Your output is to consist only of the line containing "Пластичность мозга. Потрясающие" and the lines after it, through the end of the data, reproduced exactly.

== Data listing ==

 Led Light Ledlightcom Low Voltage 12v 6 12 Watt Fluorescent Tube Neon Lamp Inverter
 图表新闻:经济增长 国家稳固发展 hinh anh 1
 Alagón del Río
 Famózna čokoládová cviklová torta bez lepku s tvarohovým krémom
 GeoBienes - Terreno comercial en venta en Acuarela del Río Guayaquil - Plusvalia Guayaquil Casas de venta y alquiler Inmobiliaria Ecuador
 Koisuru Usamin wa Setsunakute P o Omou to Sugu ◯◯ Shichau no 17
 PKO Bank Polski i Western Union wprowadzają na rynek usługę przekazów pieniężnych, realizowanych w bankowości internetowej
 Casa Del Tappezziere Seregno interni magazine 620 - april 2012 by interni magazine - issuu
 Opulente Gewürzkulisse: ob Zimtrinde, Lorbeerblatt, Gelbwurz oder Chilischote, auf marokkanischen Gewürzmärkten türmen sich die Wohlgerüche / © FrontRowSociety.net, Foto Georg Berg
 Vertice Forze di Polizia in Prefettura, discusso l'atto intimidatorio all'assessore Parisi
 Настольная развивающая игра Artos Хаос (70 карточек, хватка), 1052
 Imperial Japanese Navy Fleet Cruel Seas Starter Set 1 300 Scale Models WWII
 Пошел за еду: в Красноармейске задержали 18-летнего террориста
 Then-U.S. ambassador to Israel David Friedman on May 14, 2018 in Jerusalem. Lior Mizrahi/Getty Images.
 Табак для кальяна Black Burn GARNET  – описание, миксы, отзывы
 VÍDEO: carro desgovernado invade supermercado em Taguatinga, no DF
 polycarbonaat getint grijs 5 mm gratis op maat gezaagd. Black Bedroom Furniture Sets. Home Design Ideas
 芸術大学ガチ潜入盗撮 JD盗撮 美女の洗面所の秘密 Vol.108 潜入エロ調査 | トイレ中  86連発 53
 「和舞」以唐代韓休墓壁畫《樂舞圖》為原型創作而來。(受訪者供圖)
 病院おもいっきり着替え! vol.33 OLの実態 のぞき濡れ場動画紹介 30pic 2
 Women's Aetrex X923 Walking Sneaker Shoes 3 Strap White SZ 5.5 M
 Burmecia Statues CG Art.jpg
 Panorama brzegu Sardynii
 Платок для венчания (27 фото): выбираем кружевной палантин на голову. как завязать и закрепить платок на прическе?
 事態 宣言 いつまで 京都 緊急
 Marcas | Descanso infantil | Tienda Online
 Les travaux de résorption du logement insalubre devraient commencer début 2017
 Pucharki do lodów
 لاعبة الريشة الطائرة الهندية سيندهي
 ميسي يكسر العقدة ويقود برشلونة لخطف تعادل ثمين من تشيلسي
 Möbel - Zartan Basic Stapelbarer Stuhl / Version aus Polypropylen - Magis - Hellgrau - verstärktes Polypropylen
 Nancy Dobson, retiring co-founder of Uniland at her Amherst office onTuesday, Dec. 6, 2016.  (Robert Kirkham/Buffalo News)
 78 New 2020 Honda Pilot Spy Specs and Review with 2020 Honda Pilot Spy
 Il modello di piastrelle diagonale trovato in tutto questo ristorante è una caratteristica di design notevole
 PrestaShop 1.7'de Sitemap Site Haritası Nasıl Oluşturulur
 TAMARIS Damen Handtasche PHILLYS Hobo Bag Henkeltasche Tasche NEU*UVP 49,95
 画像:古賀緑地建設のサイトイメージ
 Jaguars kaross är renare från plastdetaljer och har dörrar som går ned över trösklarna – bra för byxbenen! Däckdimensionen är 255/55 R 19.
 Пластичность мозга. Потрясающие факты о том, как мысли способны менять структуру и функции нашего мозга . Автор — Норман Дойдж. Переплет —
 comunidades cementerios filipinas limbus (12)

===

■ **Result**
 Пластичность мозга. Потрясающие факты о том, как мысли способны менять структуру и функции нашего мозга . Автор — Норман Дойдж. Переплет —
 comunidades cementerios filipinas limbus (12)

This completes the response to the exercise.